• Task to carry out
The listing is to be transcribed in full, with its images left out.

• Data section
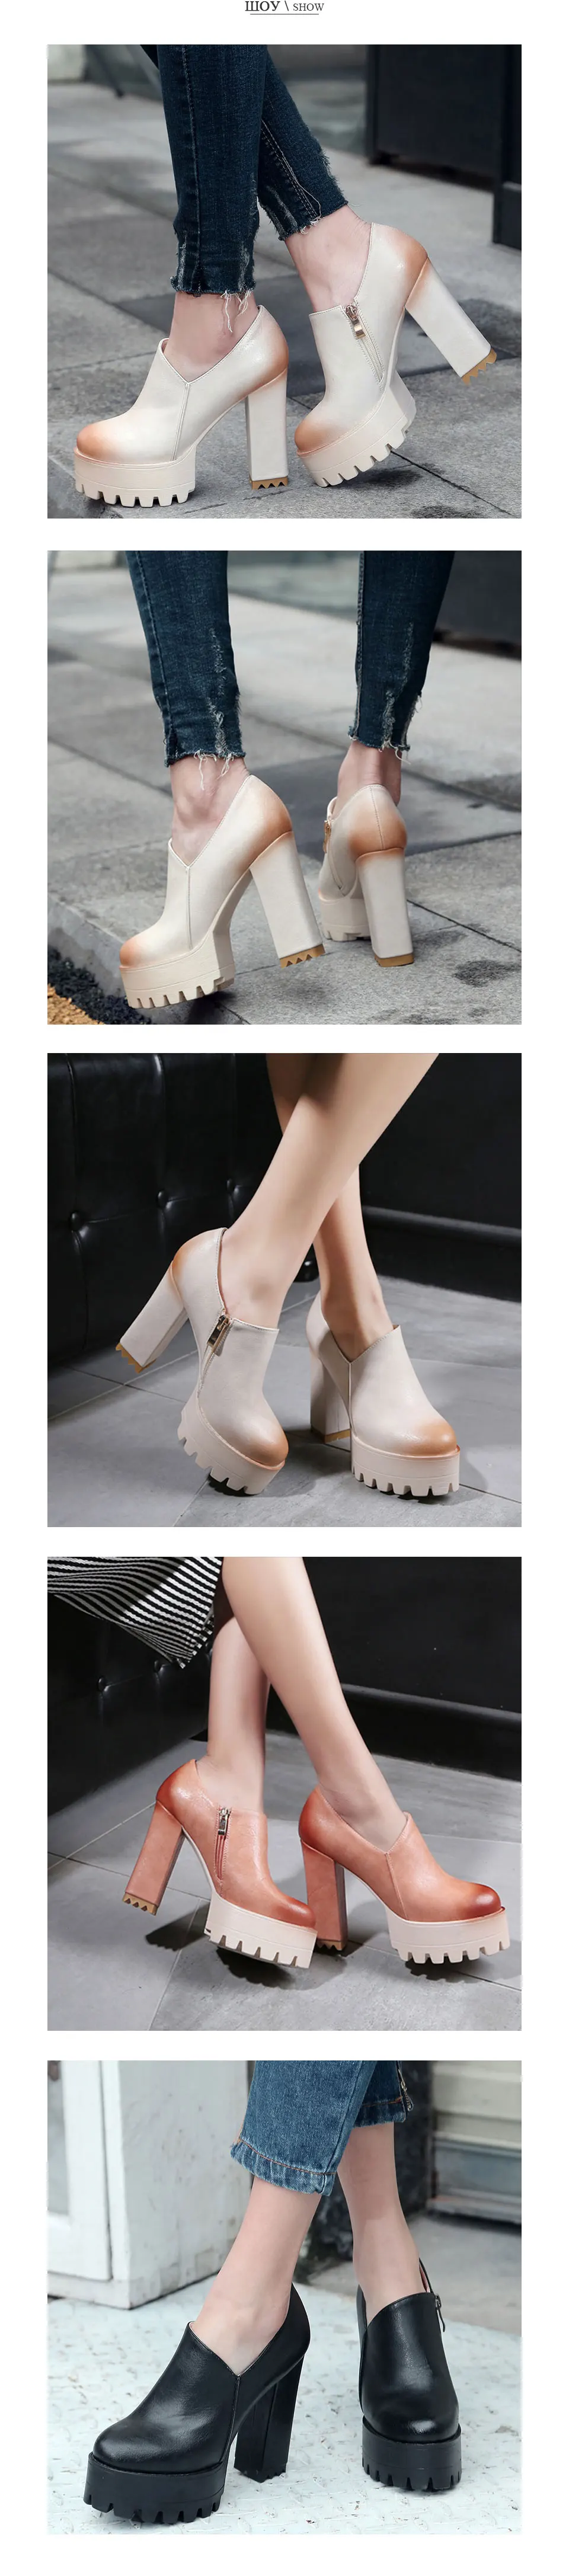 Fanyuan/женские туфли-лодочки повседневные туфли-гладиаторы на очень высоком каблуке и платформе весенние тонкие туфли с круглым носком женская обувь на молнии размера плюс
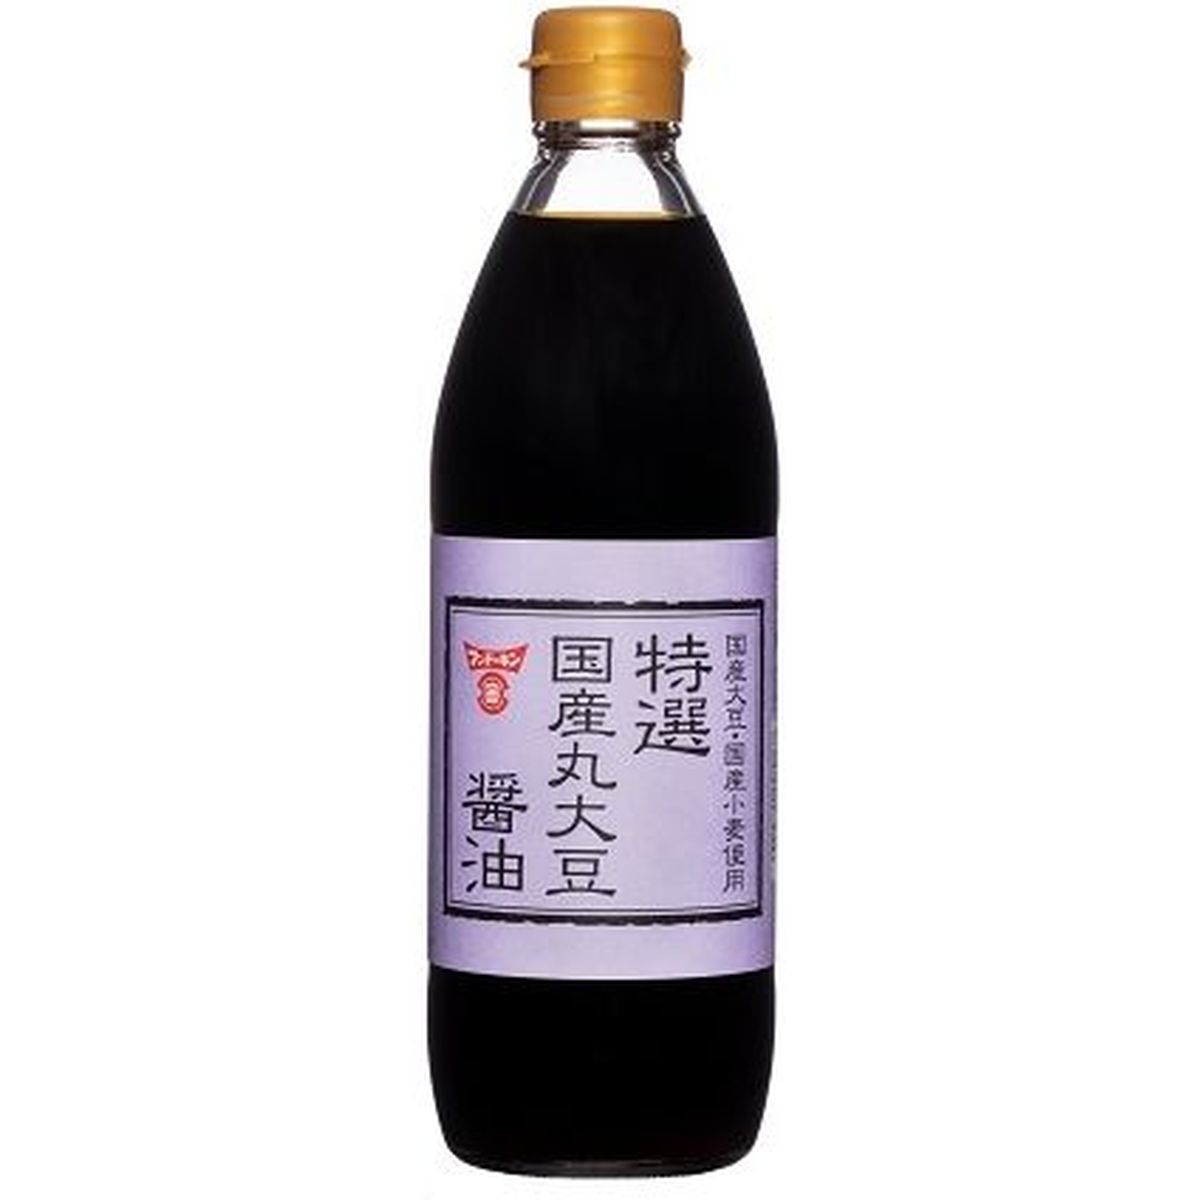 【6個入リ】フンドーキン 特選 国産丸大豆醤油 500ml
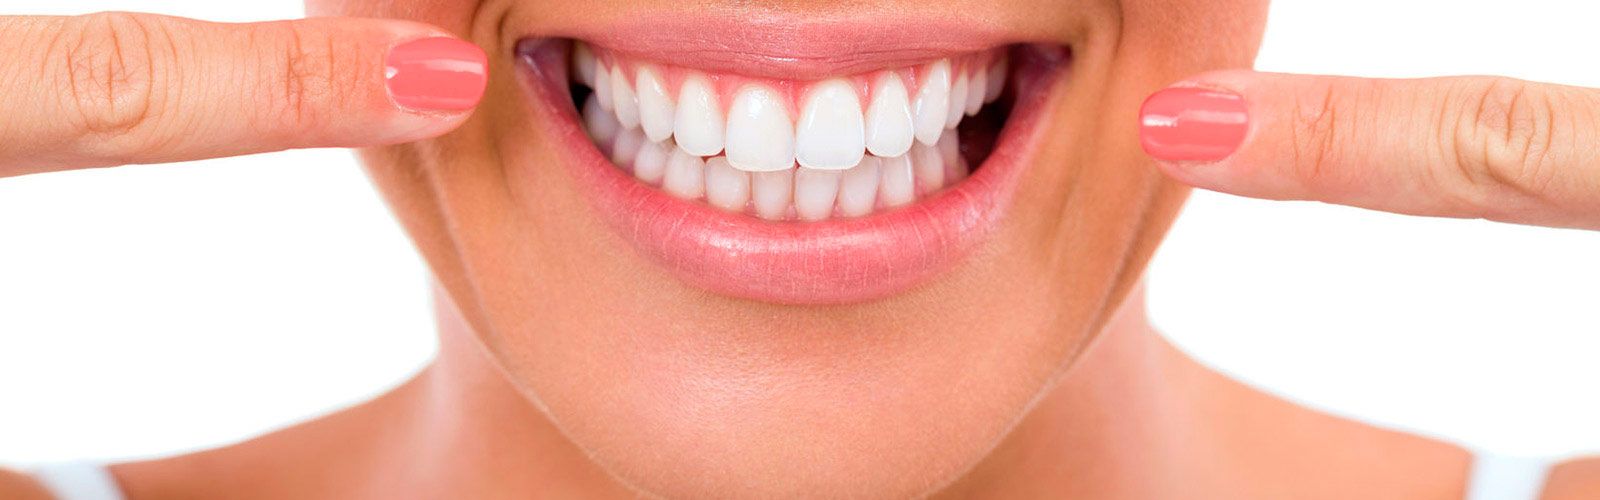 Clínica Dental Valentín Ojeda mujer sonriendo

• Solution for this exercise
 Fanyuan/женские туфли-лодочки повседневные туфли-гладиаторы на очень высоком каблуке и платформе весенние тонкие туфли с круглым носком женская обувь на молнии размера плюс
 【6個入リ】フンドーキン 特選 国産丸大豆醤油 500ml
 Clínica Dental Valentín Ojeda mujer sonriendo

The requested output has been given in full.